Consider these agents if unable to use ACE inhibitors for hypertension, renal insufficiency, and renal crisis.

Losartan (Cozaar)

Nonpeptide angiotensin II–receptor antagonist that blocks the vasoconstrictor and aldosterone-secreting effects of angiotensin II. May induce a more complete inhibition of the renin-angiotensin system than ACE inhibitors. Does not affect the response to bradykinin and is less likely to be associated with cough and angioedema. For patients unable to tolerate ACE inhibitors. Less effective in patients with scleroderma than with primary Raynaud phenomenon. May modify some serum markers of vascular damage and possibly modulate some of the underlying tissue damage in scleroderma.

Dosing

Adult

50 mg PO qd initially; not to exceed 100 mg/d

Pediatric

<6 years: Not established
>6 years: 0.7 mg/kg PO qd, not to exceed 50 mg/d; adjust dose according to blood pressure response

Interactions

May increase digoxin, lithium, and allopurinol levels; probenecid may increase losartan levels; coadministration with diuretics, increase hypotensive effects; NSAIDs may reduce hypotensive effects of losartan; may increase risk of hyperkalemia if taken concurrently with potassium supplements or other potassium-sparing diuretics

Contraindications

Documented hypersensitivity

Precautions

Pregnancy

C - Fetal risk revealed in studies in animals but not established or not studied in humans; may use if benefits outweigh risk to fetus

D - Fetal risk shown in humans; use only if benefits outweigh risk to fetus

Precautions

Caution in patients with unilateral or bilateral renal artery stenosis

Nonsteroidal anti-inflammatory agents

These agents are used to treat the arthritis of systemic sclerosis. They have analgesic, antiinflammatory, and antipyretic activities. Their mechanism of action is not known, but may inhibit cyclooxygenase activity and prostaglandin synthesis. Other mechanisms may also occur (eg, inhibition of leukotriene synthesis, lysosomal enzyme release, lipoxygenase activity, neutrophil aggregation, various cell-membrane functions).
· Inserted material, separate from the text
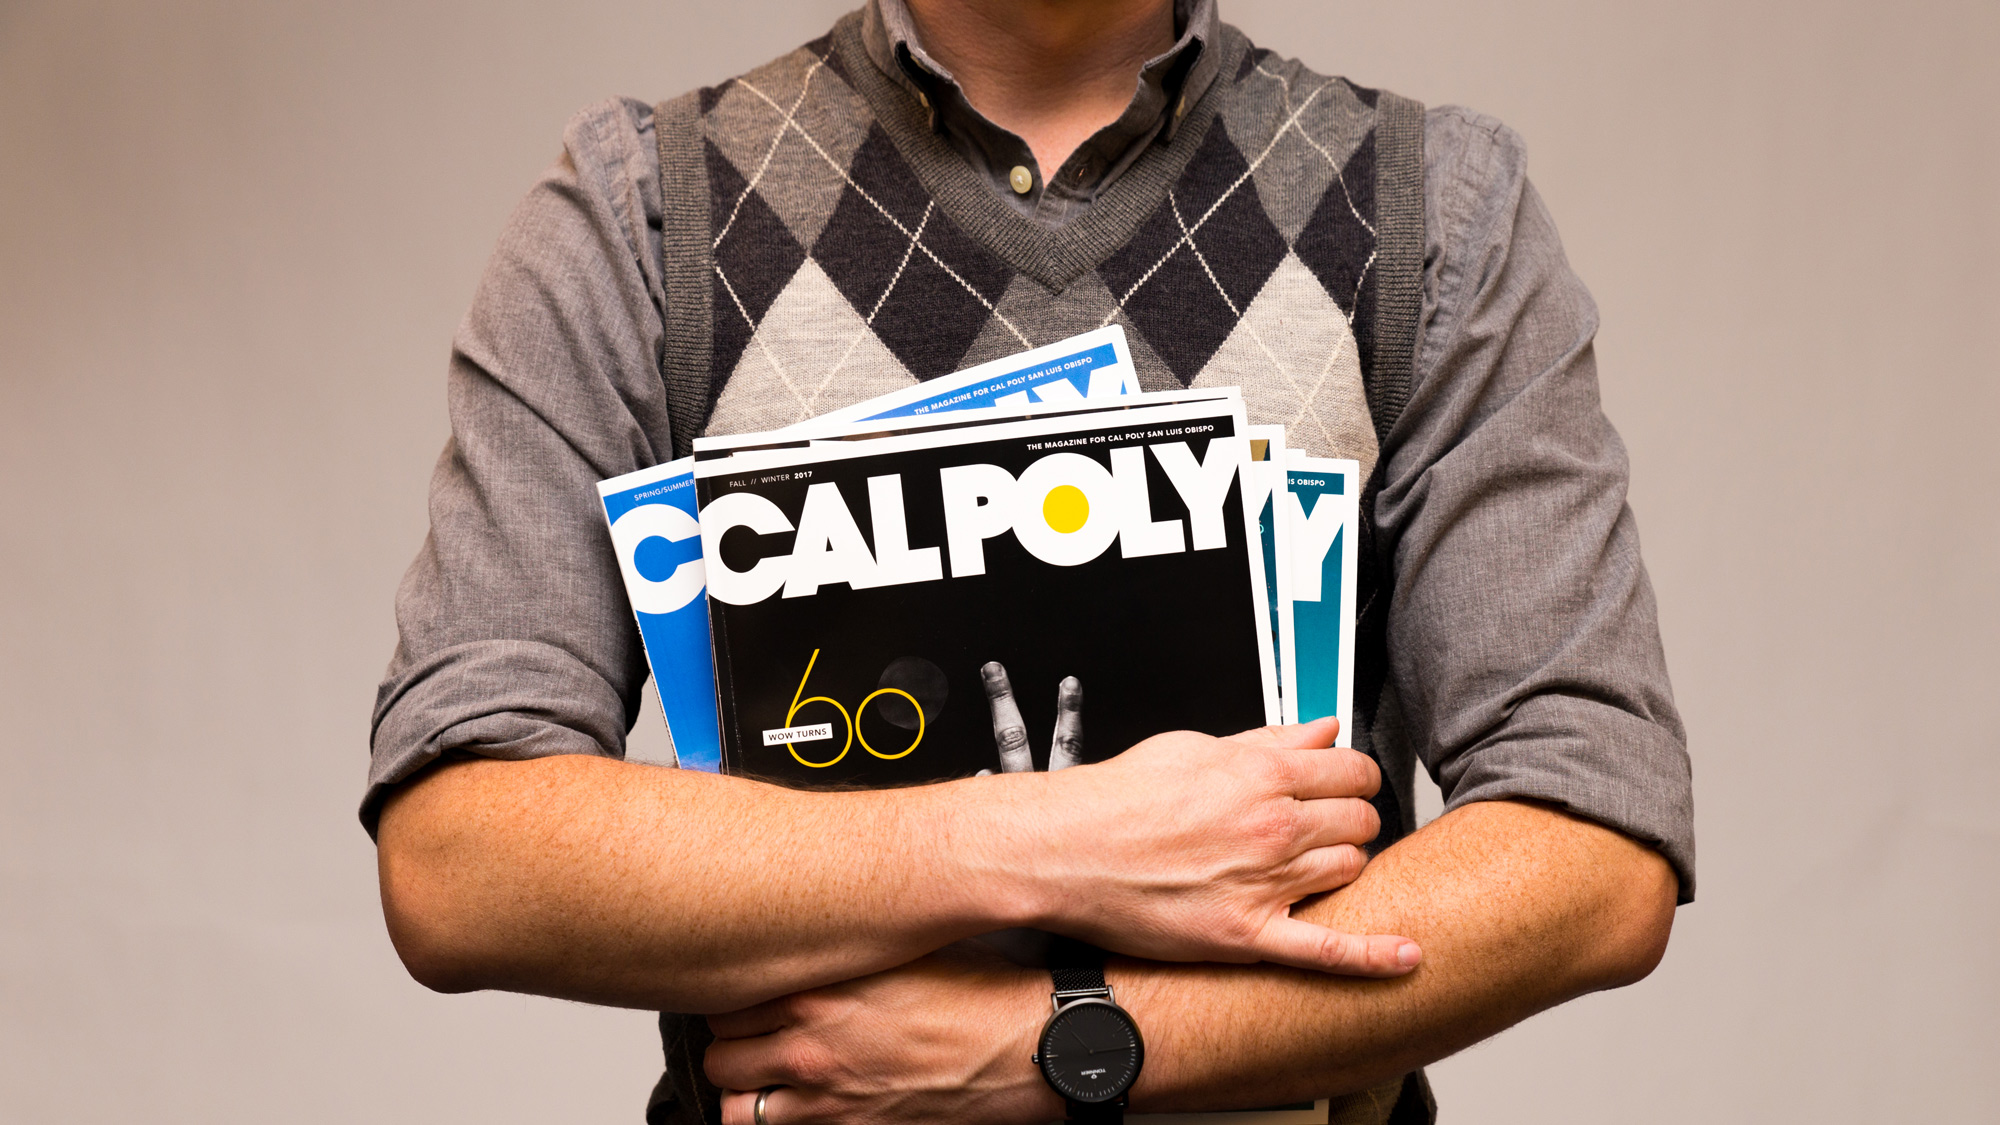 A man in a grey shirt holds a stack of Cal Poly Magazine copies

Naproxen (Aleve, Naprosyn, Anaprox)

Anti-inflammatory of the arylacetic acid group of derivatives with good benefit-risk ratio. PO-administrated drugs with a half-life of 12 h.

Dosing

Adult

500-750 mg PO bid

Pediatric

<2 years: Not established
>2 years: 15-20 mg/kg/d PO divided bid; not to exceed 1 g/d

Interactions

Coadministration with aspirin increases risk of inducing serious NSAID-related adverse effects; probenecid may increase concentrations and, possibly, toxicity of NSAIDs; may decrease effect of hydralazine, captopril, and beta-blockers; may decrease diuretic effects of furosemide and thiazides; may increase PT when taking anticoagulants (instruct patients to watch for signs of bleeding); may increase risk of methotrexate toxicity; phenytoin levels may be increased when administered concurrently

Contraindications

Documented hypersensitivity; peptic ulcer disease; recent GI bleeding or perforation; renal insufficiency; high risk of bleeding

Precautions

Pregnancy

C - Fetal risk revealed in studies in animals but not established or not studied in humans; may use if benefits outweigh risk to fetus

D - Fetal risk shown in humans; use only if benefits outweigh risk to fetus

Precautions

Acute renal insufficiency, interstitial nephritis, hyperkalemia, hyponatremia, and renal papillary necrosis may occur; patients with preexisting renal disease or compromised renal perfusion risk acute renal failure; leukopenia occurs rarely, is transient, and usually returns to normal during therapy; persistent leukopenia, granulocytopenia, or thrombocytopenia warrants further evaluation and may require discontinuation of drug

Ibuprofen (Motrin, Ibuprin)

Anti-inflammatory of the propionic acid group with good benefit-risk ratio. PO-administrated drugs with a half-life of 2-3 h, respectively.

Dosing

Adult

800 mg PO tid/qid

Pediatric

20-40 mg/kg/d PO divided tid/qid; not to exceed 2.4 g/d

Interactions

Coadministration with aspirin increases risk of inducing serious NSAID-related adverse effects; probenecid may increase concentrations and, possibly, toxicity of NSAIDs; may decrease effect of hydralazine, captopril, and beta-blockers; may decrease diuretic effects of furosemide and thiazides; may increase PT when taking anticoagulants (instruct patients to watch for signs of bleeding); may increase risk of methotrexate toxicity; phenytoin levels may be increased when administered concurrently

Contraindications

Documented hypersensitivity; peptic ulcer disease, recent GI bleeding or perforation, renal insufficiency, or high risk of bleeding

Precautions

Pregnancy

B - Fetal risk not confirmed in studies in humans but has been shown in some studies in animals

D - Fetal risk shown in humans; use only if benefits outweigh risk to fetus

Precautions

Caution in congestive heart failure, hypertension, and decreased renal and hepatic function; caution in anticoagulation abnormalities or during anticoagulant therapy

Immunosuppressive agents

Interstitial lung disease associated with systemic sclerosis is a major therapeutic challenge. Treatment with high-dose corticosteroids, methotrexate, and cyclophosphamide has shown variable response among different patients. Slower-acting antirheumatic drug or disease-modifying antirheumatic drugs (eg, penicillamine) have been used for their anti-inflammatory and anticollagen effects.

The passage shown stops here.